The Supreme Court of Queensland has twice recently considered the implications of the “gift and loan back strategy” which is a common device whereby a person makes a gift of a substantial amount of money to a trust, which gift is made through a loan from the trust, and secured against the assets of the gift maker.  The transaction sets out to achieve the reduction of the equity that the gift maker has in their own assets, with the corresponding increase in the equity owned by the trustee of the trust, for the trust. 

Generally, this device is used in asset protection strategies, but also it has been used to reduce the equity of a person in their own assets as part of estate planning, with a view to reducing the overall size of an estate capable of being fought over in family provision claims which are made under the Succession Act – for example, when the Will maker wants to give all of their assets to one child and not another.
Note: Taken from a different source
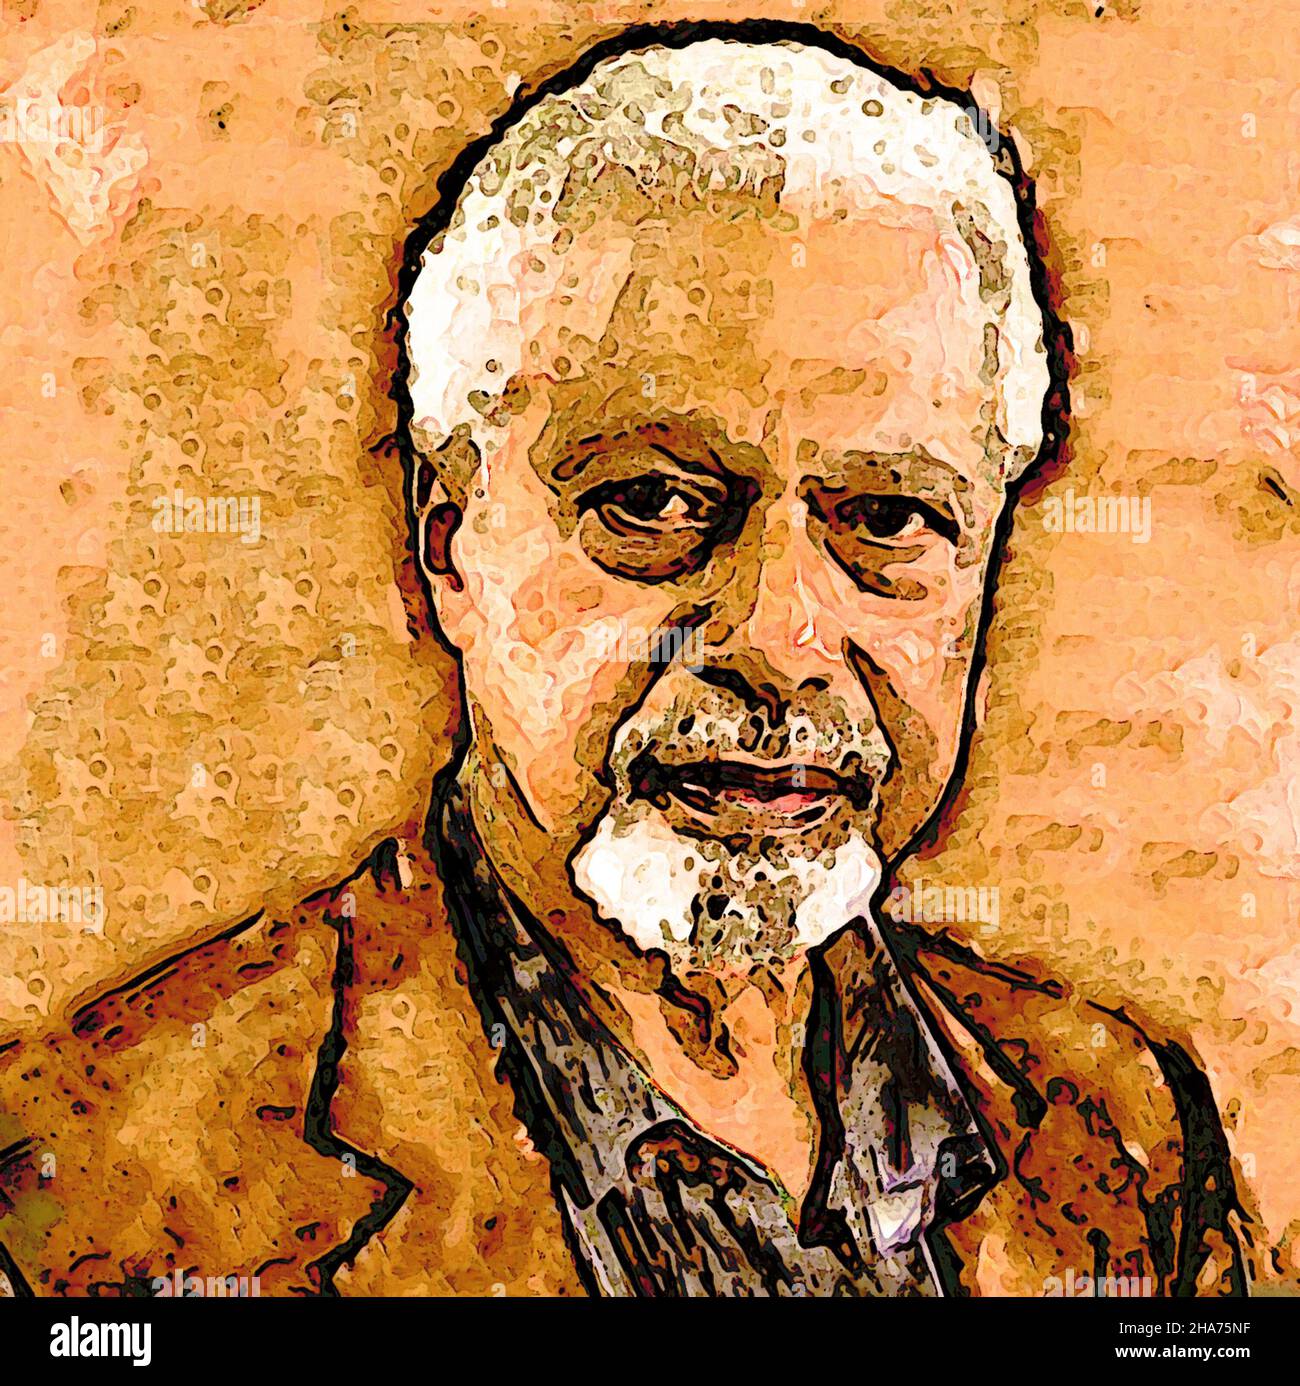 Art illustration, head and shoulder portrait of author, novelist, writer, academic, Abdulrazak Gurnah, winner of the 2021 Nobel Prize for Literature. Stock Photo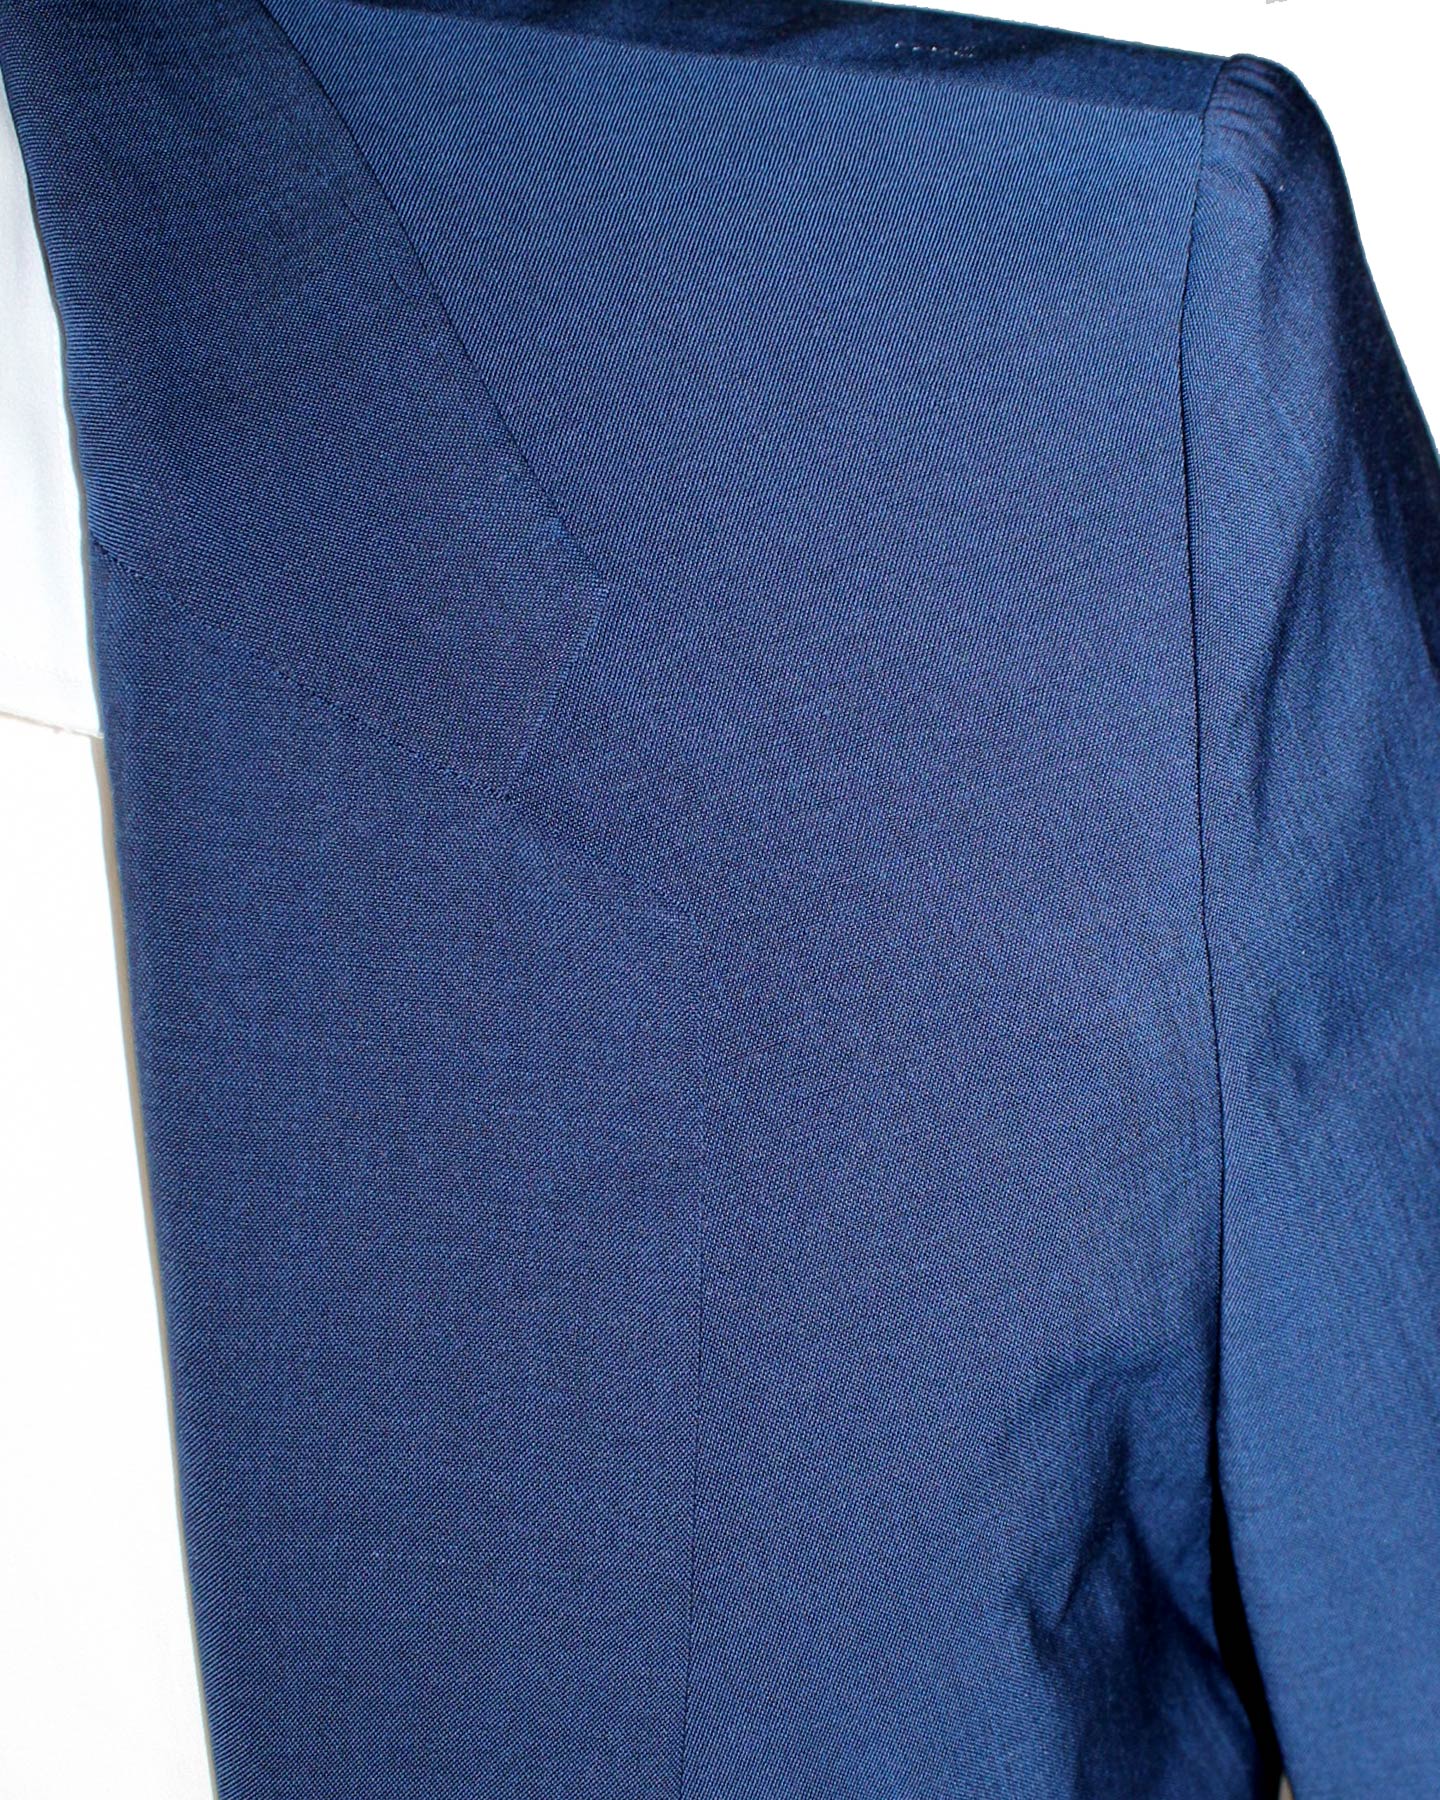 Hugo Boss Sport Coat Dark Blue Unlined Blazer EU 48 / US 38 Slim Fit

The underlying intention is to reduce the amount of the estate available for claims to be made.

Such a strategy was considered in the matter of re: Permewan, first in May 2021 and second in June 2022.  The first decision related to an application to remove the executor so that an independent person could be appointed to investigate whether the gift and loan back strategy was a sham and should be set aside as not being binding on the estate (which would have the result that the estate would be larger, and then the disappointed potential beneficiaries would potentially share in the larger estate when making claims for further provision).  Orders were made in that application for the removal of the executor and the appointment of an independent person as administrator to the estate to allow for the investigation of the dealings.

Subsequently, there was litigation over the validity of the documents comprising the gift and loan back strategy.  Ultimately, the parties agreed that due to a deficiency in the way in which the transaction was carried out, it should be set aside.  That said, the question of the merits of the strategy itself was considered in relation to an argument over costs and His Honour Cooper J gave a detailed judgment delivered on 10 June 2022 considering the merits of the transaction in the context of whether or not costs should be ordered.  His Honour found that –

  1. having regard to the evidence and the documents and in particular having regard to the intention which was clearly and obviously intended to take effect on death (to achieve the protection against family provision claims), the transaction was almost certainly to be a sham;
  1. perhaps more importantly, the enforcement of the transaction would be contrary to public policy because the effect of carrying them out would be to defeat or circumvent the public policy upon which the family provisions of the Succession Act are based, and would thereby be generally regarded as injurious to the public interest. 

As a consequence of these matters, there is potential that attempts to manage family provision claims by reducing the size of the estate through the use of a gift and loan back strategy will be attacked and potentially set aside, with significant cost risks to any party seeking to enforce it.